Garrison sucked in air between his teeth. “You know that’s not what I meant.”
Footsteps echoed down another hall.
“Finding out if my life has been one giant lie is what matters to me,” Grier whispered. “And it should matter to you, too. I need to know where I stand.”
Garrison rubbed his jaw with the back of his thumb. “It’s a warning, Little G. I don’t want to see you hurt or screwed out of anything you deserve. You’ve earned your spot on the High Council. It’s all you’ve ever wanted.”
Was it? Maybe once, but was it still? Or was it something he’d decided wasn’t what he’d thought?
“I’m not stopping,” Grier said.
“Learn the truth, then. But there’s no coming back from going too far.” Garrison pulled out a stack of envelopes from his back pocket, handed it to him, and left through a different corridor.

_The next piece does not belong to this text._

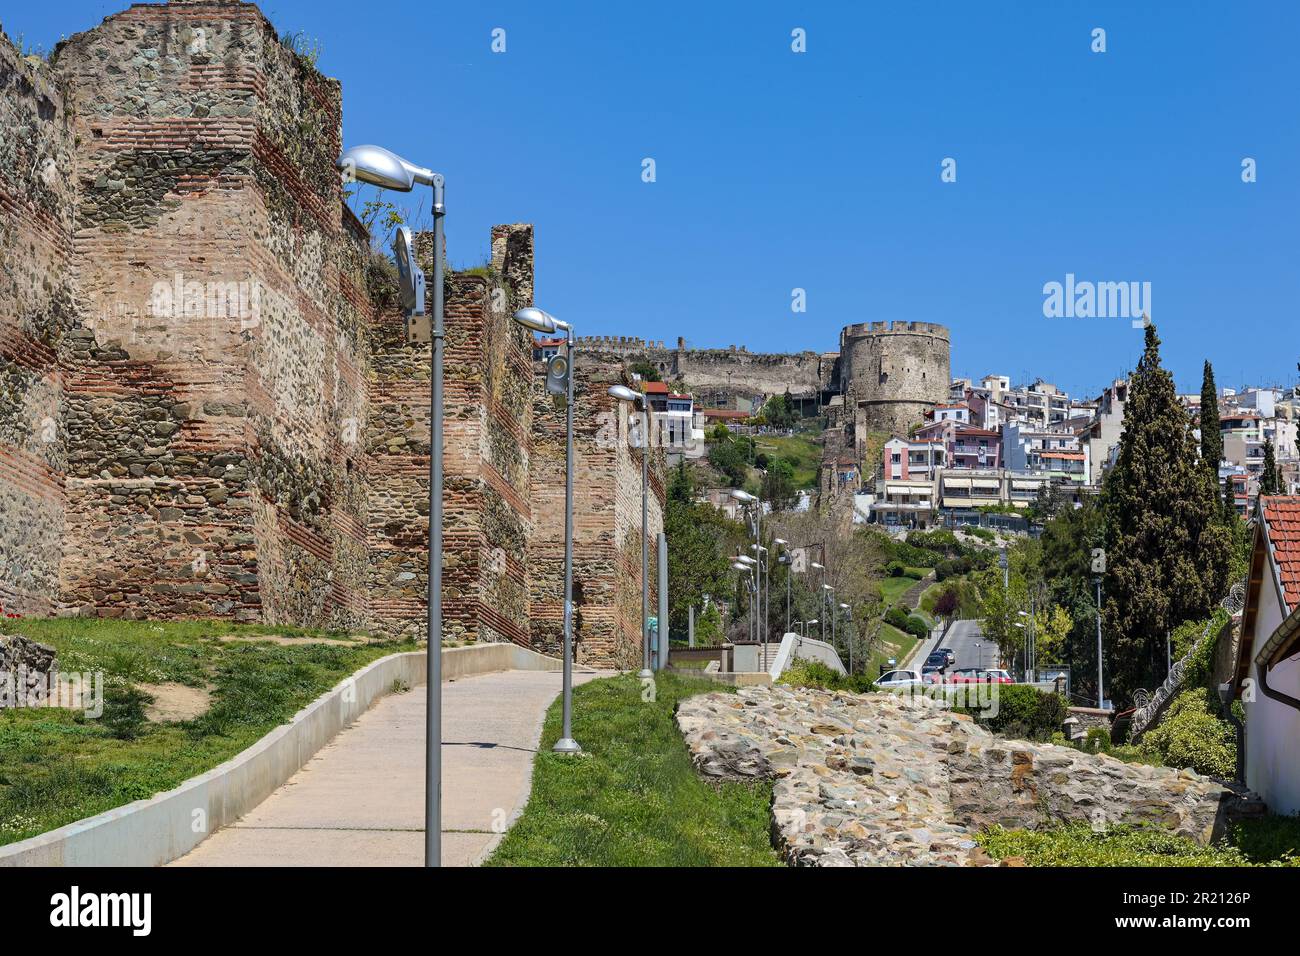 Fußweg entlang der byzantinischen Stadtmauer bis zur historischen Festung Thessaloniki in Mazedonien, Griechenland, Wahrzeichen und berühmtes Touristenziel, BL Stockfoto

Grier flipped over the envelopes. They were his… Every letter he’d ever written to Emeryss…
His mother’s handwriting had scribbled out Issolia’s name and Emeryss’s location and had replaced it with their address. Each one had been opened.
Emeryss hadn’t written because she hadn’t seen the letters.
He squeezed them in his fist, red-hot fury barreling through him, and yanked open the door to Avrist’s office. It creaked on its hinges and banged loudly against the wall.
Too far? His brother had been afraid he’d be willing to go too far?
He hadn’t gone far enough, and once he had his answers from Avrist, his mother would be next.
Chapter 10
Avrist’s office — Great Library — Stadhold
Grier let the door creak shut behind him. His eyes went to the fireplace glowing orange and yellow with a freshly kept fire. Someone had been in here.
“Dova?”
When no one answered, he moved toward Avrist’s desk.